Clause 5 provides power to make regulations in relation to the substitution of disability living allowance for attendance allowance and mobility allowance and the dissolution of the Attendance Allowance Board.

Clause 6 amends sections 20 and 21 of the Social Security Act 1986 to introduce disability working allowance as the fifth income-related benefit. New subsections (6A) and (6B) of section 20 contain the qualifying conditions. Regulations will prescribe the circumstances in which a person is considered to have a disability which puts him at a disadvantage in getting a job. A person is not entitled to a disability working allowance if he or any member of his family is entitled to family credit. New section 20(6E) provides for a disability working allowance to be payable as a fixed award for 26 weeks and that, once awarded, the rate of benefit will not change, unless regulations prescribe otherwise.

Clause 7 makes supplementary provisions about disability working allowance. Subsection (1) inserts new section 27B into the Social Security Act 1986 which provides that, except where regulations prescribe otherwise, a declaration by the claimant that he has a disability which puts him at a disadvantage in getting a job will be sufficient on an initial claim. It also gives power to make regulations to terminate an award if income support, family credit or a disability working allowance becomes payable in respect of a person who is treated as a member of the family of the claimant at the date of his claim. Subsection (2) gives effect to the amendments relating to disability working allowance in Schedule 3. These amendments, among other things, apply to disability working allowance the system of adjudication introduced for disability living allowance.

Clause 8 amends section 20 of the Social Security Act 1986 so that a person is not entitled to family credit if he or any member of his family is entitled to a disability working allowance.

Clause 9 amends the Social Security Act 1975 and the Social Security Pensions Act 1975 to provide linking rules where, before taking up remunerative work and claiming a disability working allowance, a person was entitled to either an invalidity pension or a severe disablement allowance.
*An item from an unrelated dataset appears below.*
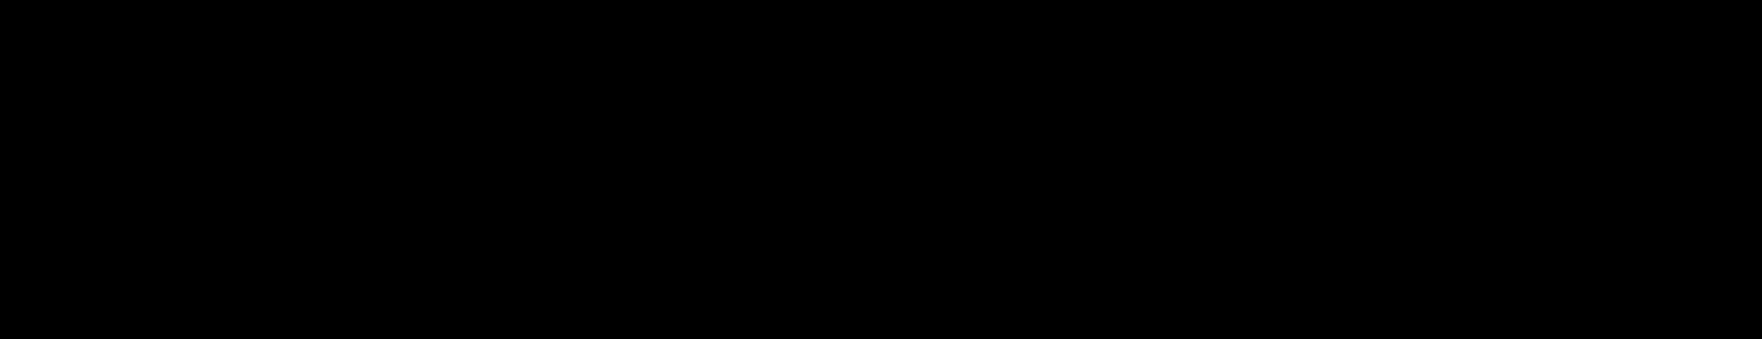 logo-qc-wordmark 2019.png

If such a person is incapable of work on the first day after he stops work and that day falls not later than 2 years after the end of his final award of invalidity pension or severe disablement allowance, he will become eligible again for whichever of those benefits was previously in payment, without having to serve the normal qualifying period.

Clause 10 and Schedule 4 provide for repeals.
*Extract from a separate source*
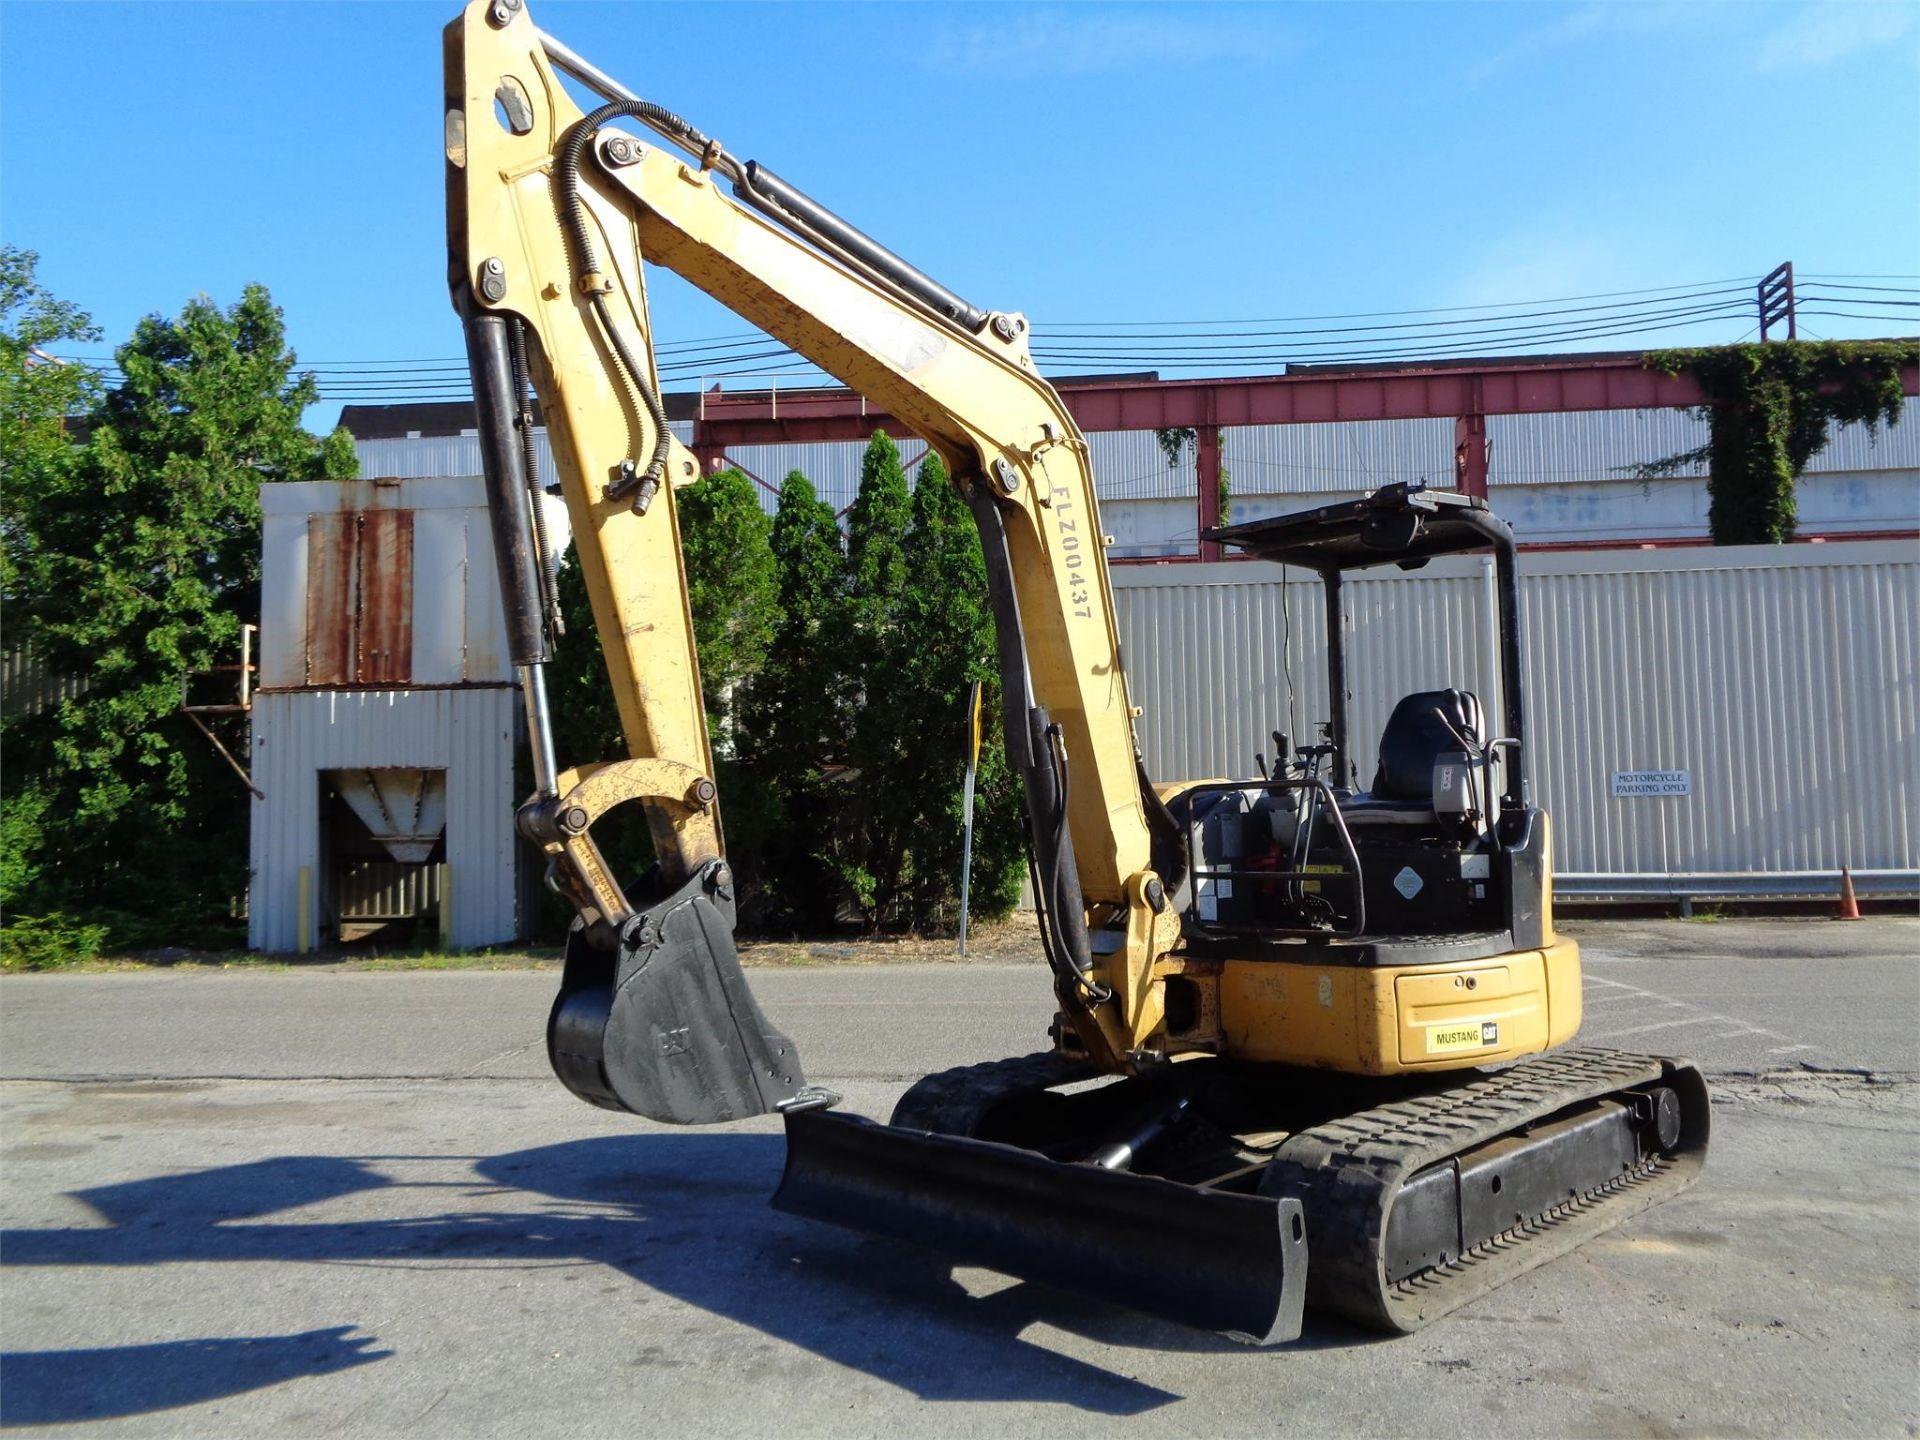 Lot 34 - 2011 Caterpillar 305.5D CR Mini Hydraulic Excavator

Clause 11 provides power to make consequential provision and savings by regulations.

Clause 12 contains provision about the making of regulations.

Clause 13 provides that an Order in Council under the Northern Ireland Act 1974 only for purposes corresponding to those of the Bill will be subject to negative resolution procedure.

Clause 14 provides for administrative expenses attributable to the introduction of disability living allowance and disability working allowance to be met out of Votes.

Clause 15 provides for the Bill’s short title, commencement and extent.

Financial effects of the Bill

The introduction of disability living allowance will increase expenditure out of Votes on benefit costs by about £120m in 1992/3, rising to about £240m by 1993/4. There will also be a longterm increase in administration costs of around £20m a year to be met from Votes.

Schedule 2 is likely to reduce tax revenue by around £10m a year but this is expected to be more than offset by additional income tax receipts of around £20m a year as a result of increased employment due to the introduction of disability working allowance.

The introduction of disability working allowance will be broadly neutral in expenditure terms: the gross cost of around £85m by 1993/4 will be offset by a reduction in payments of other benefits. A large proportion of this reduction will be in payments from the National Insurance Fund.

Effects of the Bill on public service manpower

The provisional assessment is that there will be a requirement for a net increase of about 900 permanent staff in the Department of Social Security as a result of introducing disability living allowance and a further 200 staff as a result of introducing disability working allowance.